How to Create a URL Shortener with Custom Analytics using AWS Services

TL;DR; This article covers how to implement a basic URL Shortener API with Custom Metrics. The sample project implements a Serverless Solution, deployed with the help of AWS CDK that relies on API GateWay, DynamoDB, Lambdas and Custom Cloudwatch metrics.

Introduction

Have you ever wondered how URL shorteners work under the hood? Or, even better, how to implement a similar solution that allows you to create custom analytics based on user behavior and types?

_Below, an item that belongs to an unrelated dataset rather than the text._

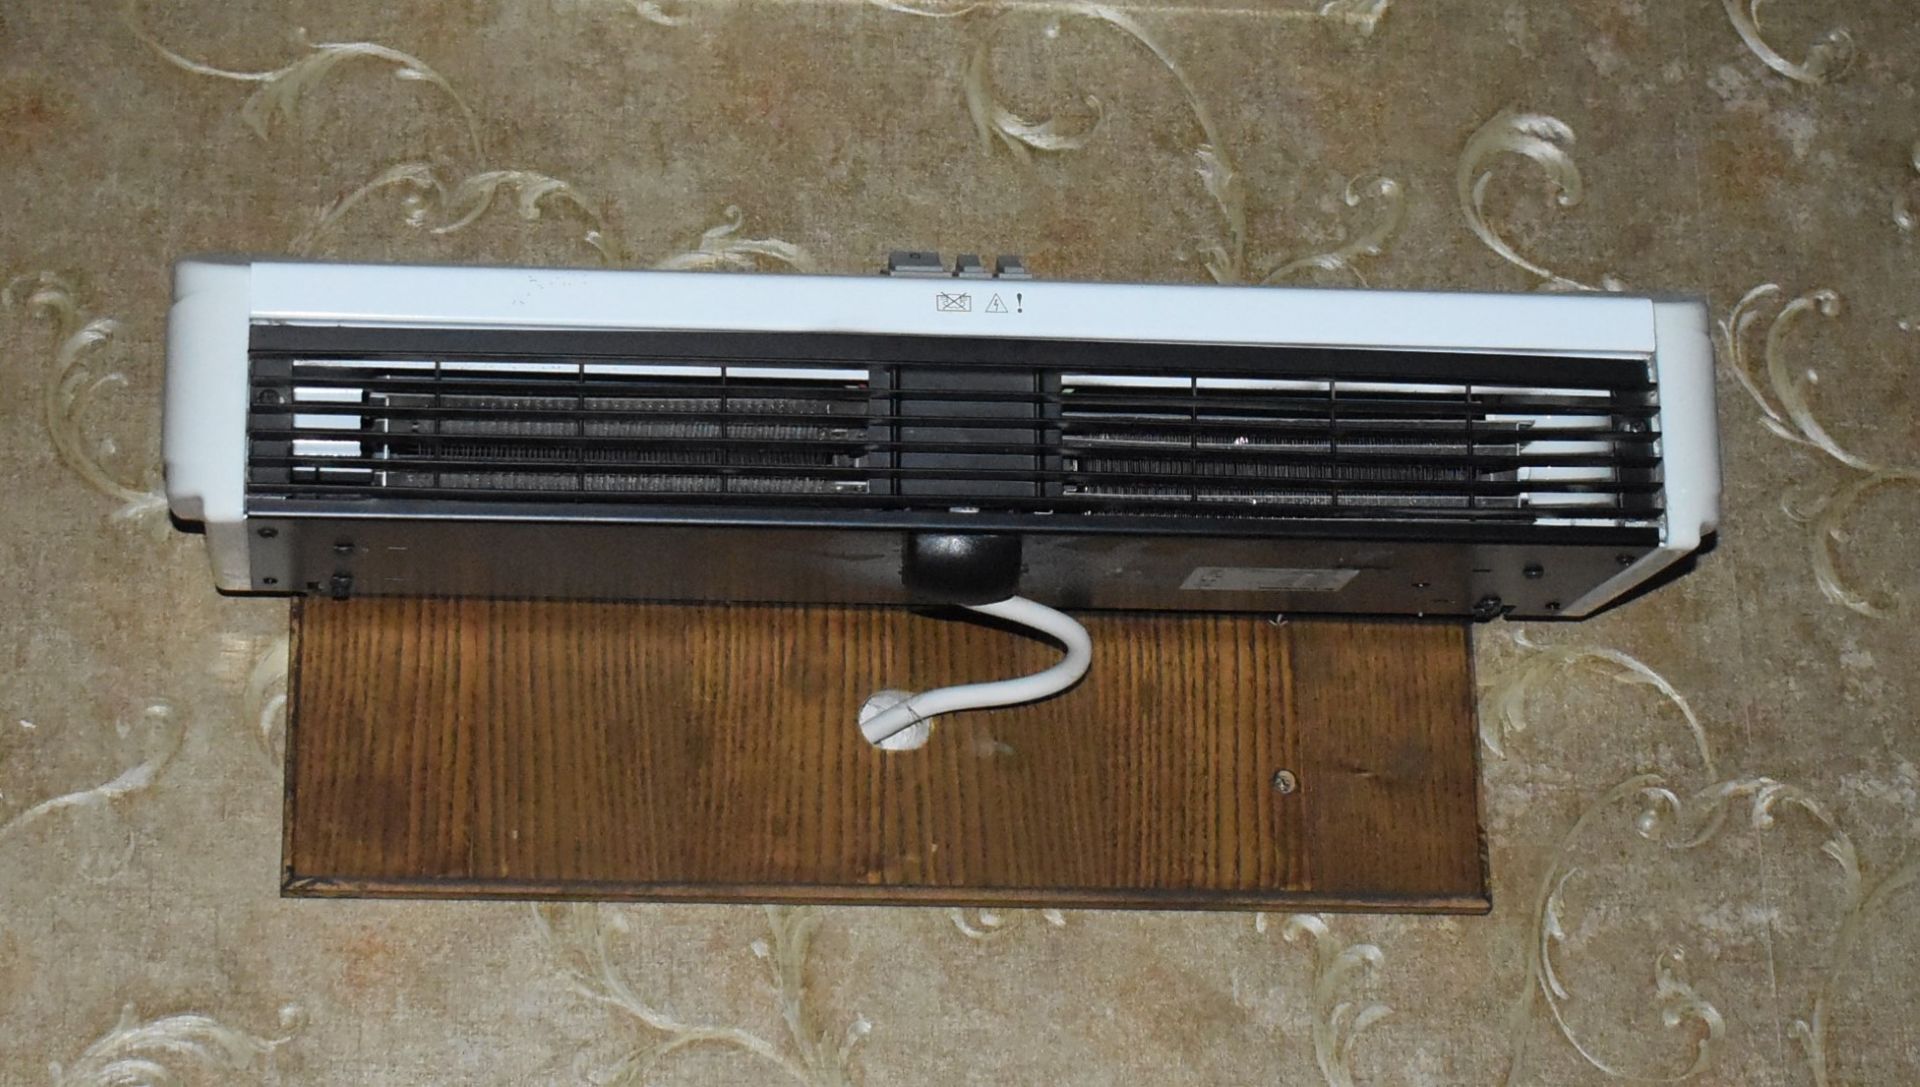 3 x Various Heaters Including Dimplex Air Curtain Door Heater and Two Fan Heaters - CL586

In this article, we’ll discuss what is needed to implement such features and provide a step-by-step guide (with a complete sample repository) for deploying them on your account.

Building the API

Overview

The API will have two different endpoints:

  • A private endpoint to allow for redirect configurations to be created

  • A public endpoint to redirect users to the desired URL

Diagram illustrating a URL redirect architecture using AWS services. Route 53 directs to API Gateway, which handles requests with two Lambda functions: CreateRedirectURL Lambda and RedirectURL Lambda. Data is logged to CloudWatch, and URL data is stored in a Redirects Table. An API key is used for authentication.

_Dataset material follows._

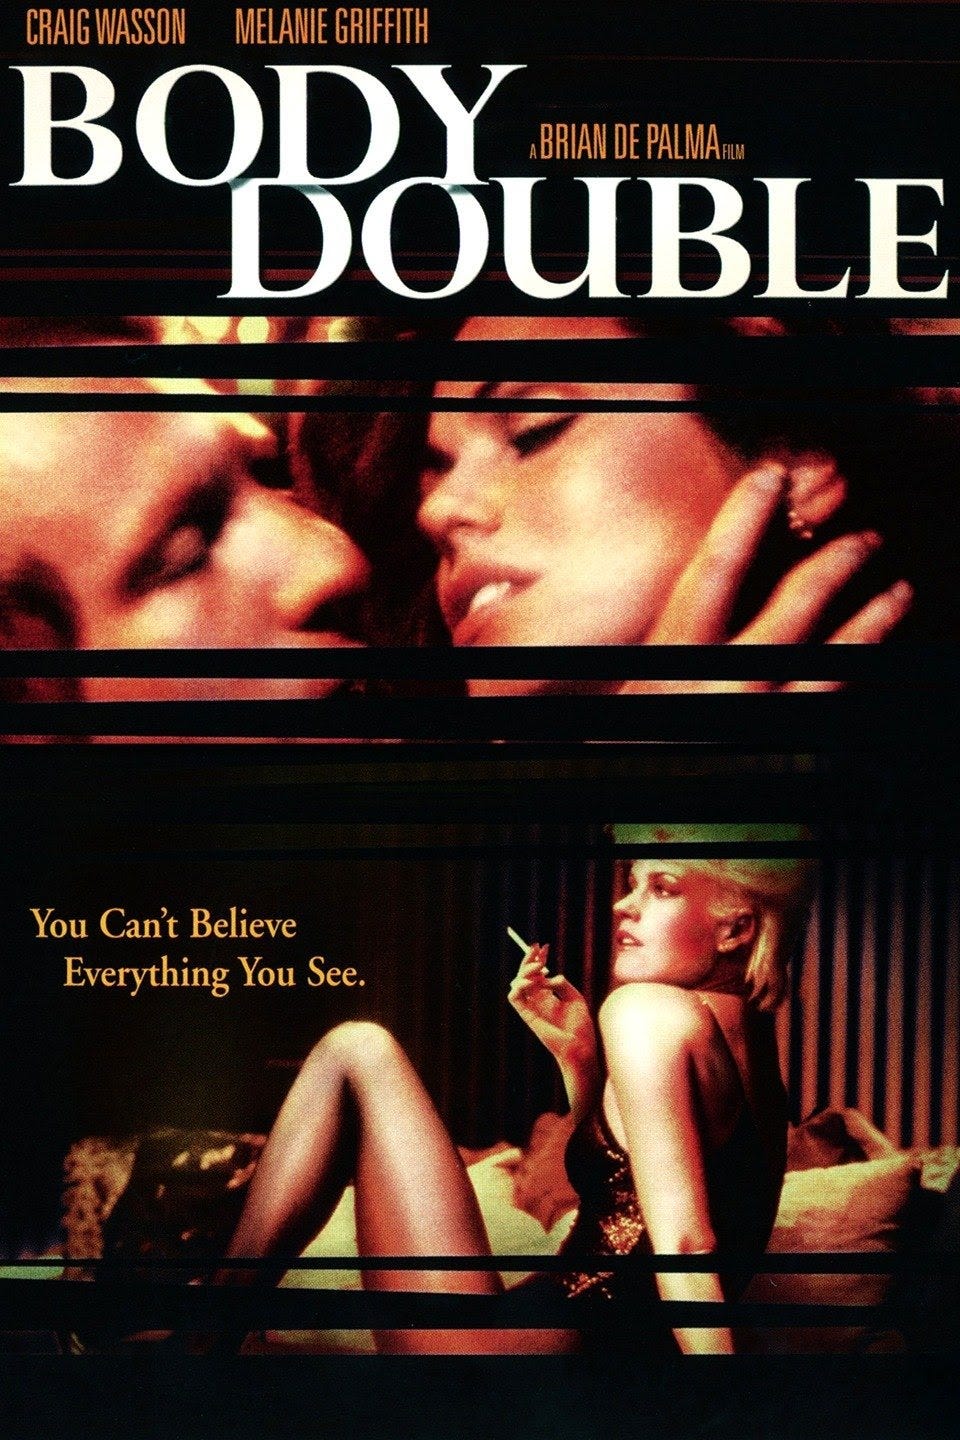 An image of a poster for the film "Body Double". The text reads: Craig Wasson Melanie Griffith "Body Double - You Can't Believe Everything You See."

As one can see in the provided infrastructure Diagram, the resources required to build the API are very straightforward.

To build the API we took advantage of serverless AWS services, such as API Gateway, Lambdas, and DynamoDB.

The Infrastructure was designed as a proof-of-concept, but one could further improve it by adding IAM authentication, CloudFront, or WAF to further protect the API infrastructure.

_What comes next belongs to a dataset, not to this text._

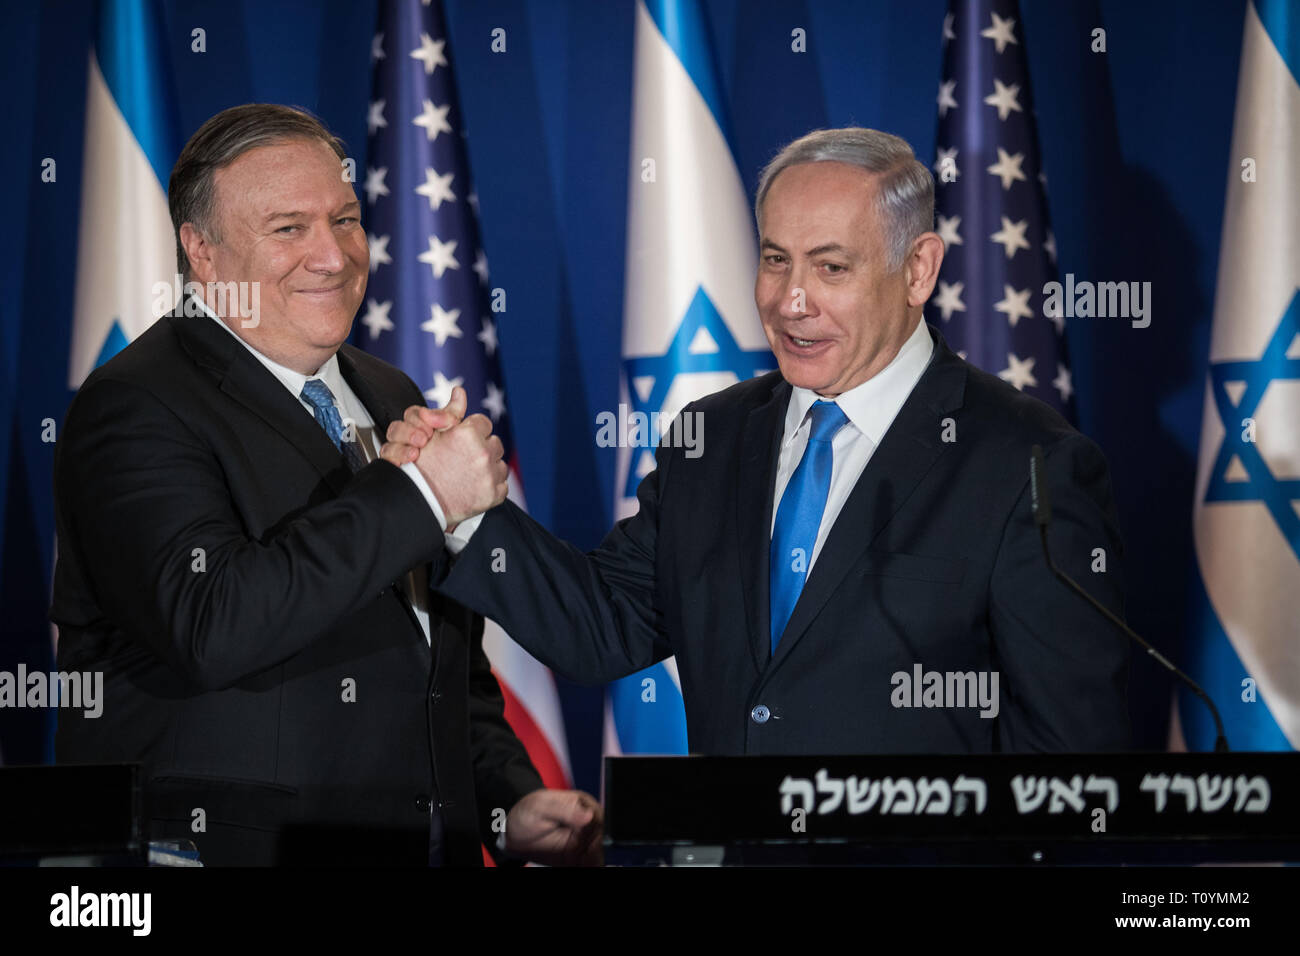 Beijing, China. 21st Mar, 2019. Israeli Prime Minister Benjamin Netanyahu (R) and U.S. Secretary of State Mike Pompeo attend a press conference in Jerusalem, on March 21, 2019. Credit: JINI/Hadas Parush/Xinhua/Alamy Live News Stock Photo

Custom Domain with Route53

A custom Domain and an already configured Hosted Zone are prerequisites to deploying the provided CDK project, but one could easily remove that configuration and test the infrastructure with the default API Gateway domain.

Diagram showing a connection between Route 53 and an API Gateway. The text "Hosted Zone, Domain Certificate, A Record" is in between.

As part of the project, we use Route53 to configure a custom domain for our API Gateway, since using the default domain wouldn’t act as a “URL Shortener” for most scenarios.

The CDK project expects the Hosted Domain to be already configured, but it will automatically generate the Domain Certificate and A Record for the new API endpoints to allow for HTTPS traffic.

Redirects DynamoDB Table

A Single DynamoDB Table will be used to store the required redirect configurations.

Interface displaying database model details for "ShortenedUrls." Includes sections for primary key attributes with "urlId" as a string partition key and other attributes like "ttl," "originalURL," and "ttlInSeconds" with their types and sample data formats.

The Data model used by the sample project is straightforward, storing only a few attributes:

  • urlId - Used as PrimaryKey and also as part of the shortened URL. The redirect URLs are generated as https://link.<your_url>/<urlId>

  • ttl - Timestamp used to identify when the redirect record should be removed from the DynamoDB table

  • originalURL - The actual URL to which incoming requests should be redirected to

  • ttlInSeconds - Number of seconds for which the record was created for

The DynamoDB table is also configured to use the pay-per-request pricing model, time to live enabled on the TTL attribute, and to be deleted once the stack is removed.

Create URL endpoint

The Create URL endpoint will be the one responsible for creating and saving redirect configurations.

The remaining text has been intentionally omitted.